It’s not unusual at all for Ribot to not only delve, but fully embrace punk, hip-hop, and all forms of jazz. His volume level can range from practically ambient to full-on wailing. With his altogether unpredictable approach to music, it’s particularly fun to listen to how he tackles covers. His take on the Beatles’ “Happiness Is A Warm Gun,” for instance, deconstructs Lennon’s multipart, ever-shifting tune down to its very core using just a solitary, quiet electric guitar.

On just his second album (Requiem For What’s His Name), Ribot takes Duke Ellington classic “Caravan” in a decidedly rock ‘n’ roll surf music direction, playing Dick Dale over a jungle beat. For a brief time his note bending trips up the fretboard make it sound a little like Dick Dale in a particularly wiggy mood, but somewhere there’s a method to his madness. Perhaps Ribot saw a connection between the Middle Eastern ingredient found in the kernel of Dale’s surf music and the Arabian flavor of Ellington’s classic. More importantly, like “Happiness,” he never loses sight of the main melodic line and so despite the entirely different direction he takes the tune, you’re well aware what tune it is.

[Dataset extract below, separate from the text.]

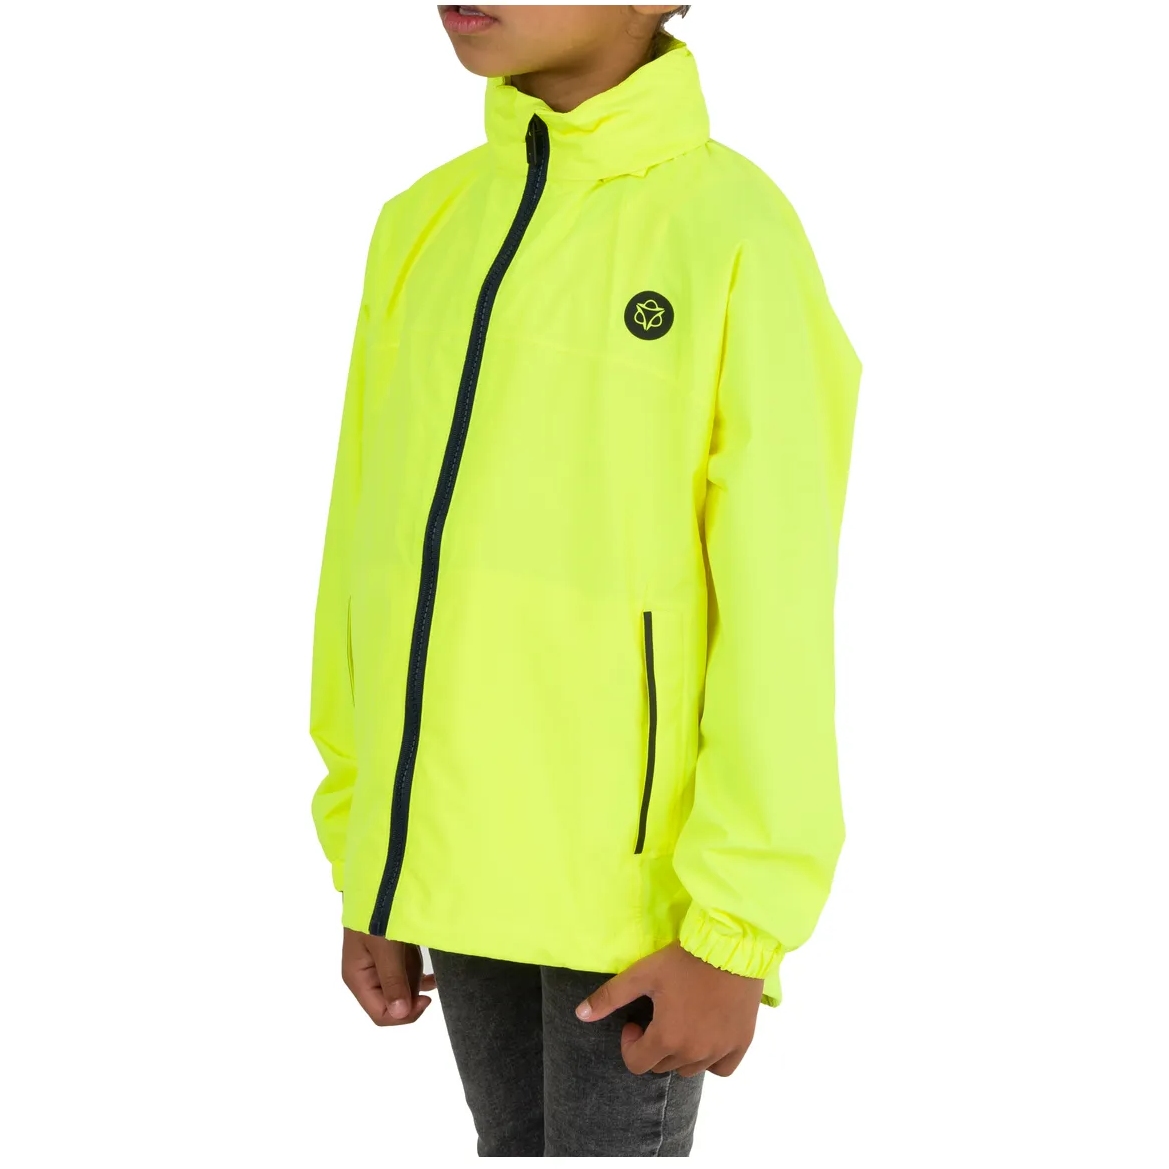 Produktbild von AGU Essential Go Kinder Regenjacke - neon yellow

Ultimately it’s his carefree punk attitude to a jazz classic without the slashing the spirit of the original song in the process that makes it so appealing, even charming. Much like what Jerry Granelli did with Monk’s “Brilliant Corners.”

Some people might claim that Ellington is rolling over in his grave over what Ribot did to his “Caravan.” I think that Duke is probably not only rolling but rockin’, too.

(warning: choppy video, but audio sounds good)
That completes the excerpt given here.